Angka — the Central Party of the Khmer Rouge.
They wanted the farmers, men from the hills, whose minds were free of education, whose minds were blank slates that could easily be filled.
“You will write your confession now, Pran.”
Iron manacles, big enough for oxen, restrained Pran’s legs. His hands were tied behind him with wire, and a heavy chain connected them to the manacles. “Who is Angka?”
Samnang flexed the fingers of his right hand. “Angka is your new family.” He squatted in front of Pran, lifted his head up by the hair so that he could look into his eyes. “Angka is your mother and father. Angka is all you need.” He let go of Pran’s hair and brought his right fist quickly forward, connecting with Pran’s nose in one dizzying instant. Samnang felt the small bones break, felt a fresh burst of blood on his knuckles. He stepped back and flung it off his fingers.
Pran breathed heavily through his mouth as he looked up at Samnang, eyes squinting, jaw quivering with pain.

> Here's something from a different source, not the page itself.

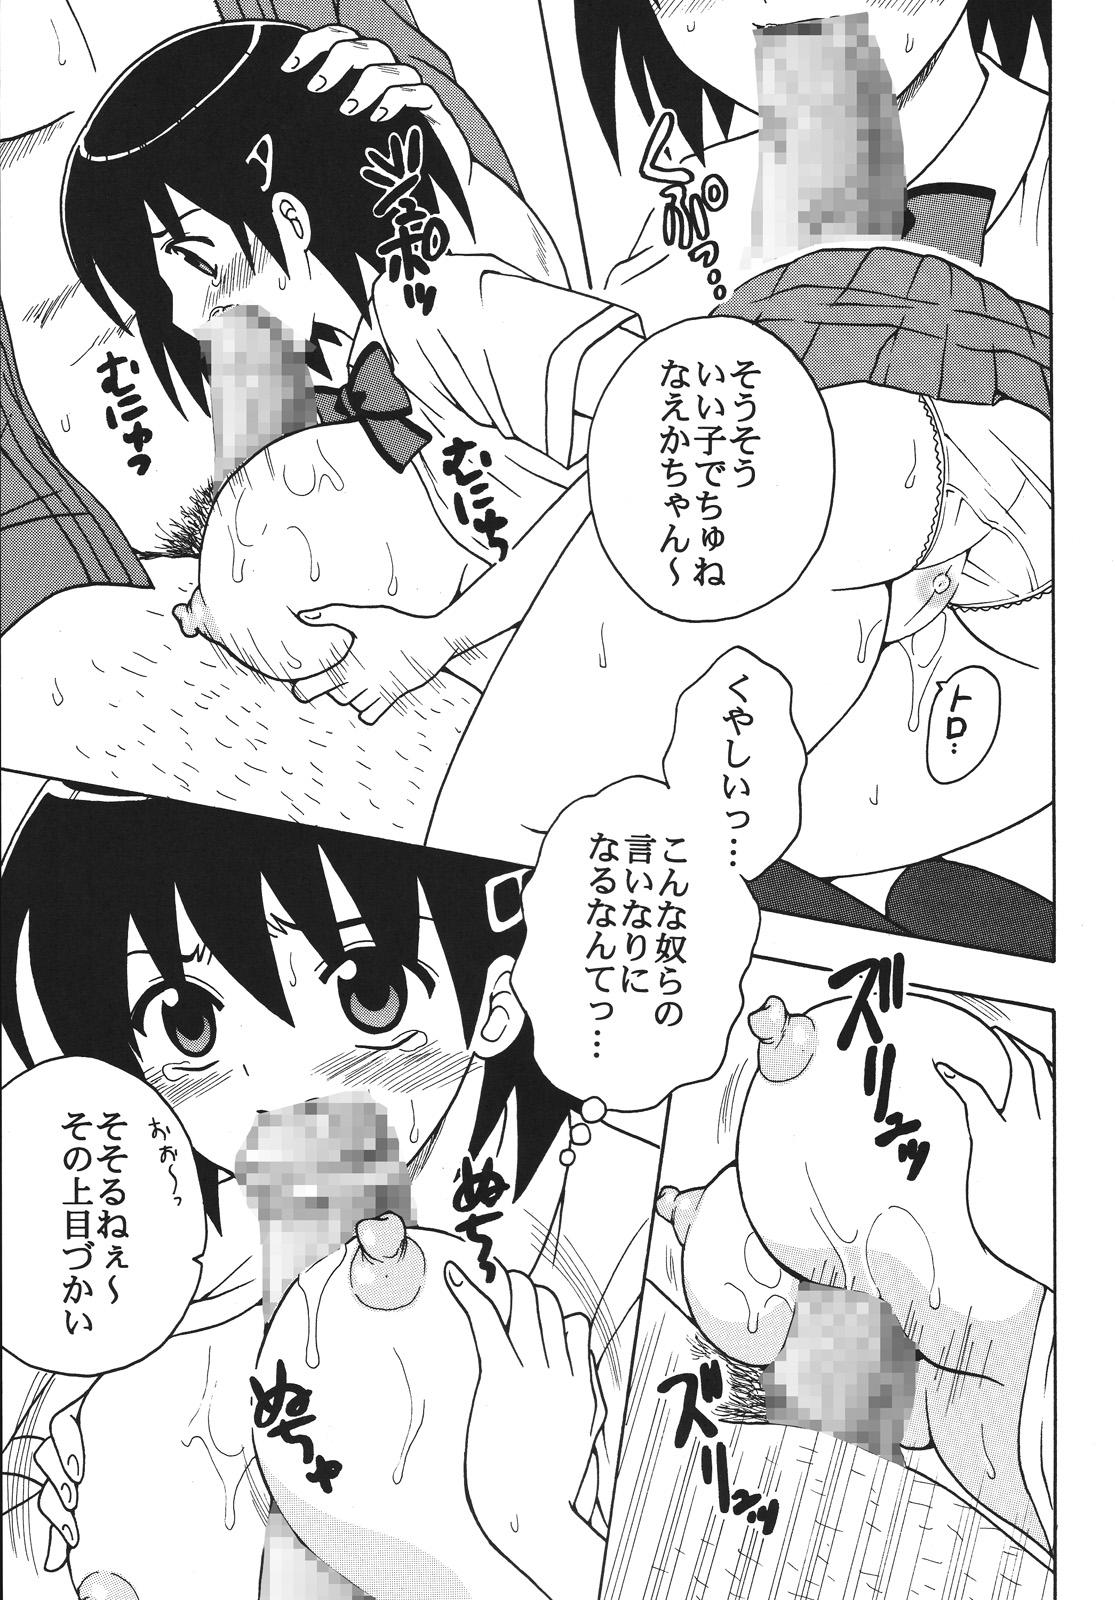 Porno Nakadashi Maid no Hinkaku 1 - Kamen no maid guy Hard Core Free Porn - Page 8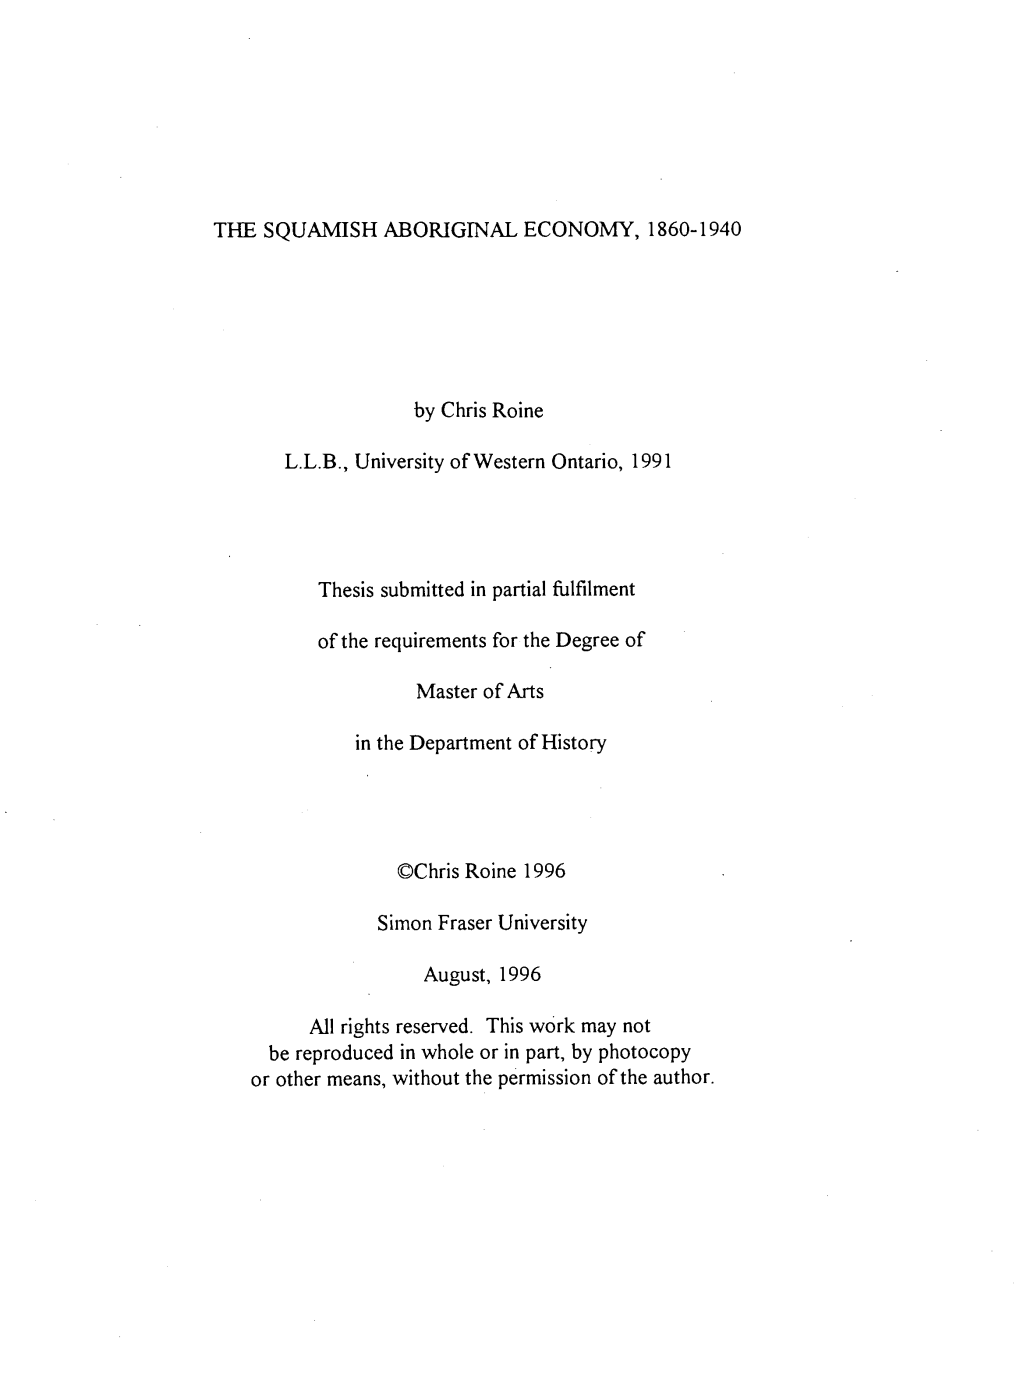 The Squamish Aboriginal Economy, 1860-1940

“Angka doesn’t have time for your games,” Samnang said. “You will give your confession now.”
Another man sat in a chair in the corner, poised over a pad of paper, ready to capture Pran’s words and regurgitate them in ink.
“Why should I trust you?” Pran strained to get the words out. “How do I know what I tell you is what gets written?”
“You think too much.” Samnang lit a cigarette, inhaled and blew a cloud of bluish smoke in Pran’s face. “Now,” he said. He brought the glowing end of the cigarette close to Pran’s left eye.